CBL0137, a novel NFkB suppressor and p53 activator, is highly effective in two independent pre-clinical mouse models of neuroblastoma — ASN Events

CBL0137, a novel NFkB suppressor and p53 activator, is highly effective in two independent pre-clinical mouse models of neuroblastoma (#136)

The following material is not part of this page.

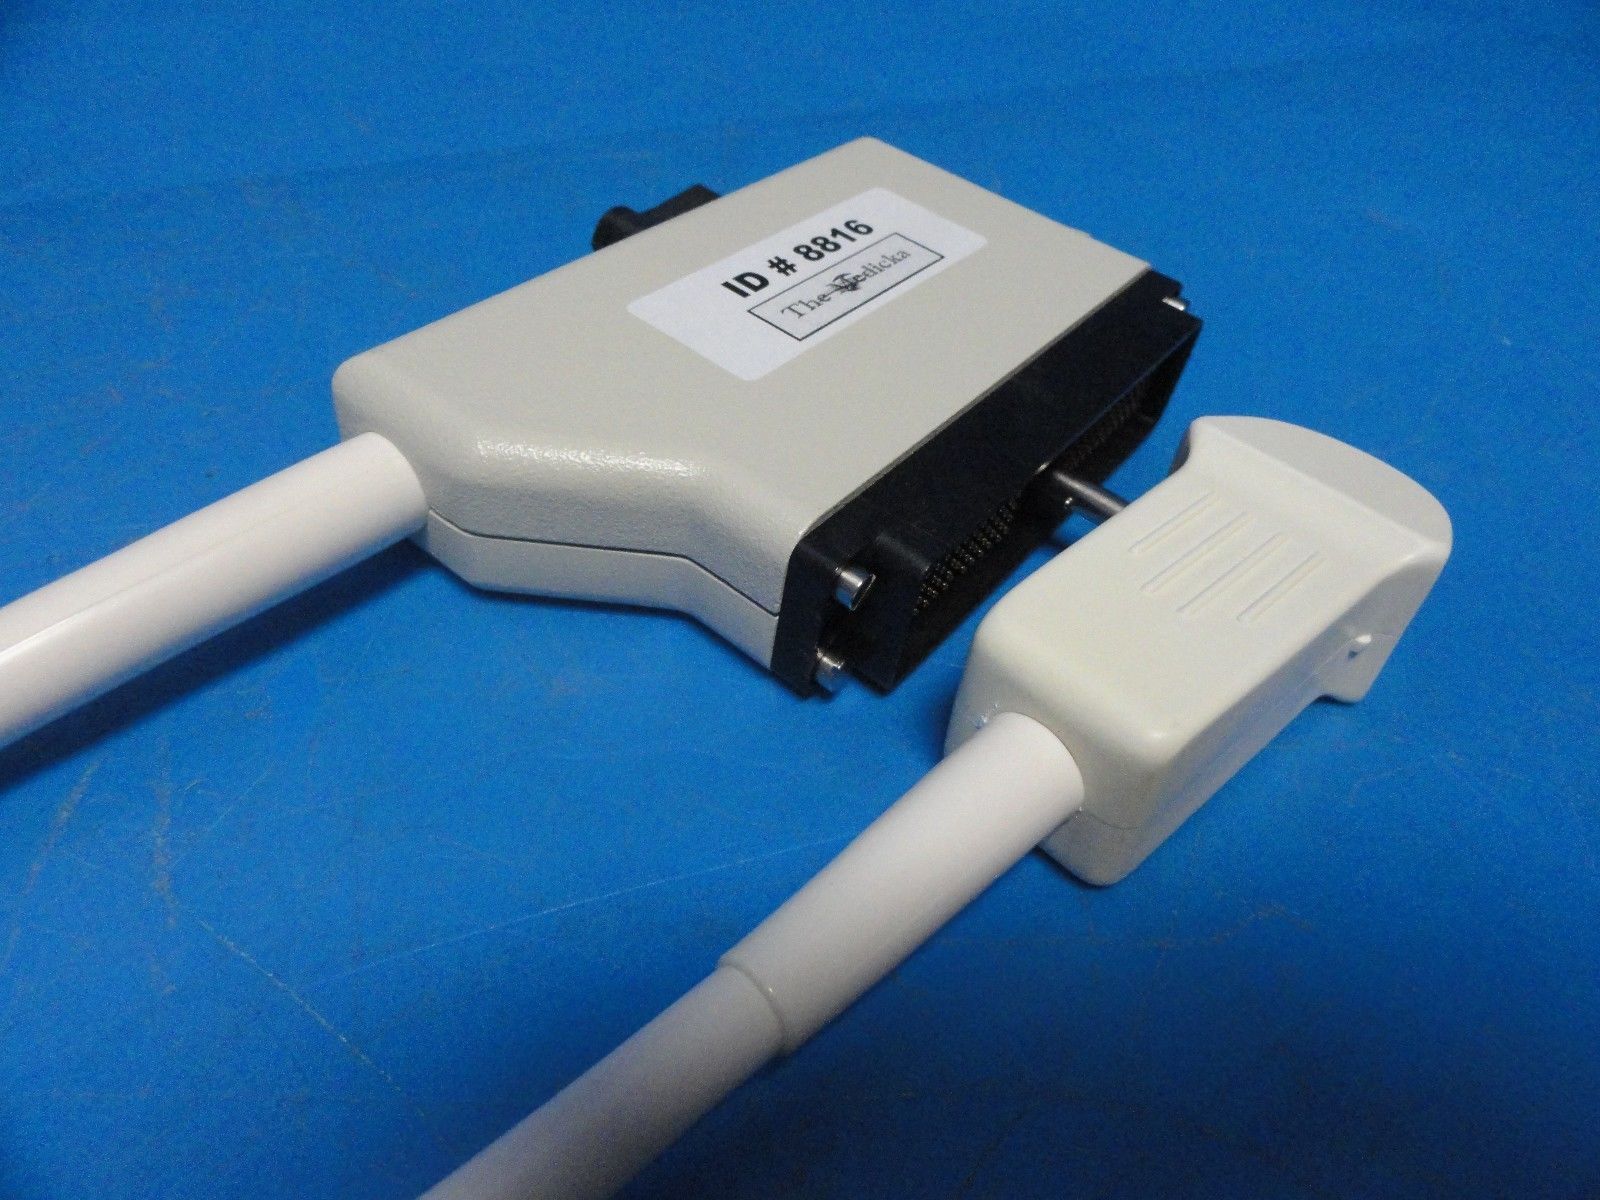 2005 Diasonics 5.0 CPACurved Phased Array Probe  for Gateway (8816) DIAGNOSTIC ULTRASOUND MACHINES FOR SALE
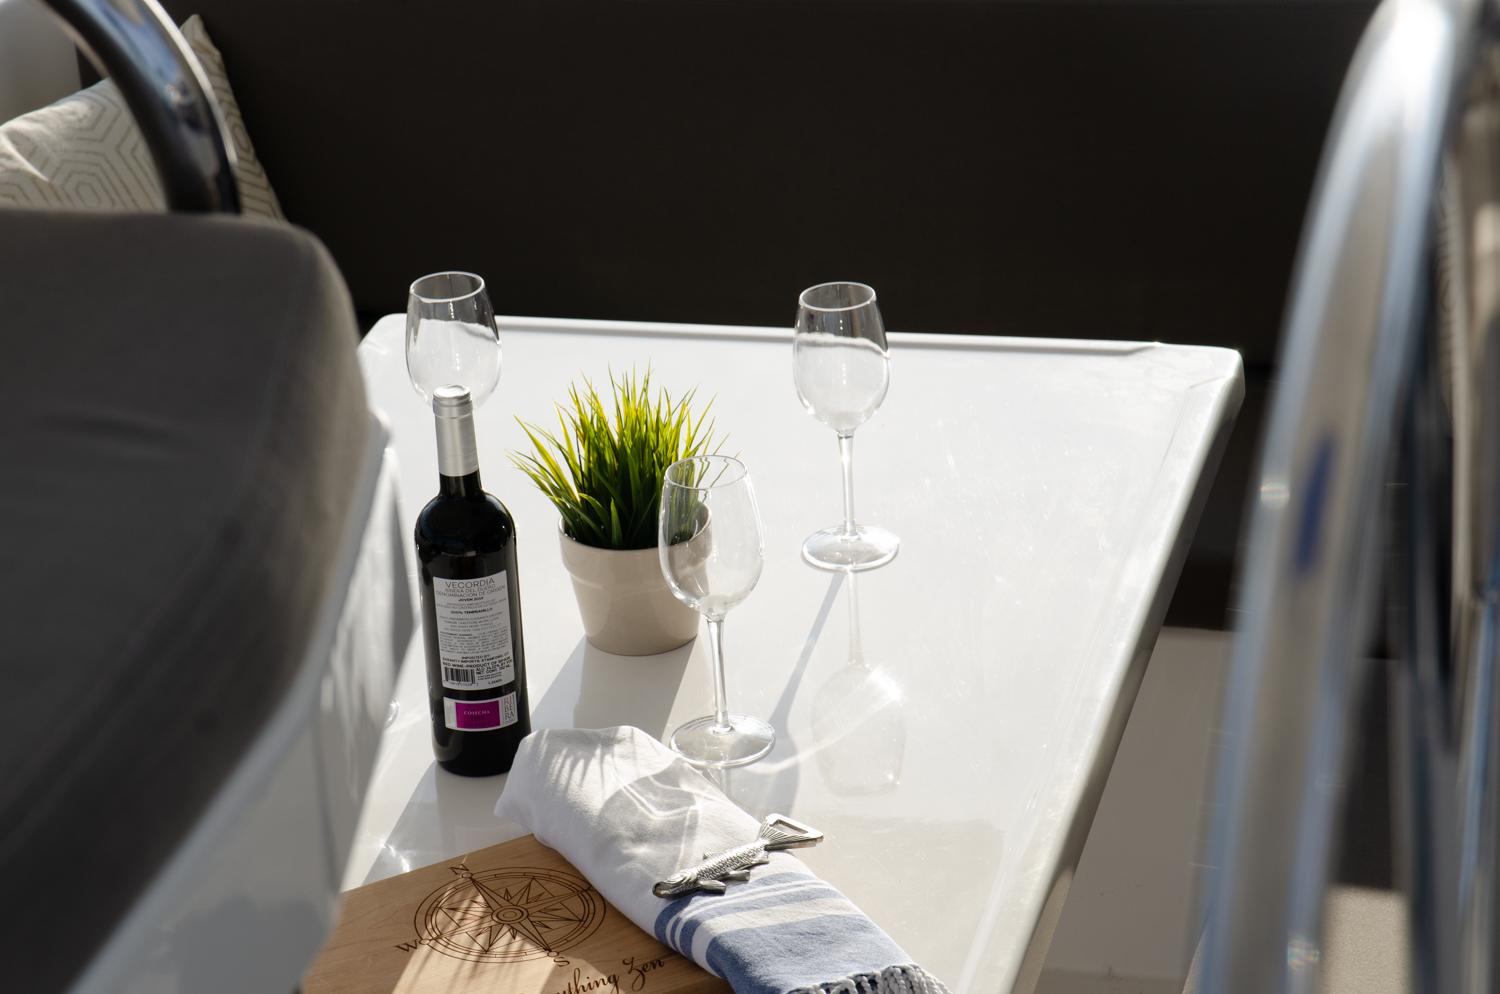 A bottle of wine and glasses on the aft table.

Jayne Murray 1 , Michelle Haber 1 , Laura Gamble 1 , Ashleigh Carnegie-Clark 1 , Hannah Webber 1 , Michelle Ruhle 1 , Andrew Gifford 1 , Daniel Carter 1 , Andre Oberthuer 2 , Matthias Fischer 2 , David Ziegler 1 , Glenn Marshall 1 3 , Katerina Gurova 4 , Catherine Burkhart 5 , Andrei Purmal 5 , Andrei Gudkov 4 , Murray Norris 1
  1. Children's Cancer Institute, RANDWICK, NSW, Australia
  2. Department of Pediatric Oncology and Hematology and Center for Molecular Medicine Cologne, University of Cologne, Cologne, Germany
  3. Kids Cancer Centre, Sydney Children's Hospital, Sydney, Australia
  4. Roswell Park Cancer Institute, Buffalo, NY, USA
  5. Cleveland BioLabs, Inc., Buffalo, NY, USA

Background: CBL0137 is a carbazole-based anti-cancer agent with a unique mechanism of action. It is an indirect inhibitor of the chromatin remodeling complex FACT (Facilitates Chromatin Transcription). Inhibition of FACT by CBL0137 modulates the activity of several transcription factors involved in cancer: NF-kB and HSF1 are suppressed, while p53 is activated (1).

 

Methods: Expression profiles of650 primary untreated neuroblastomas were analyzed for the expression of two FACT subunits, SSRP1 and SPT16, and related to clinical outcome. Colony-forming assays were used to study the effect of CBL0137, either alone or combined with chemotherapeutic drugs in human MYCN-amplified neuroblastoma cell lines. Cohorts of tumour-bearing TH-MYCN transgenic mice or human neuroblastoma (BE(2)-C) xenografted nude mice, were treated with CBL0137, alone or combined with chemotherapeutic drugs.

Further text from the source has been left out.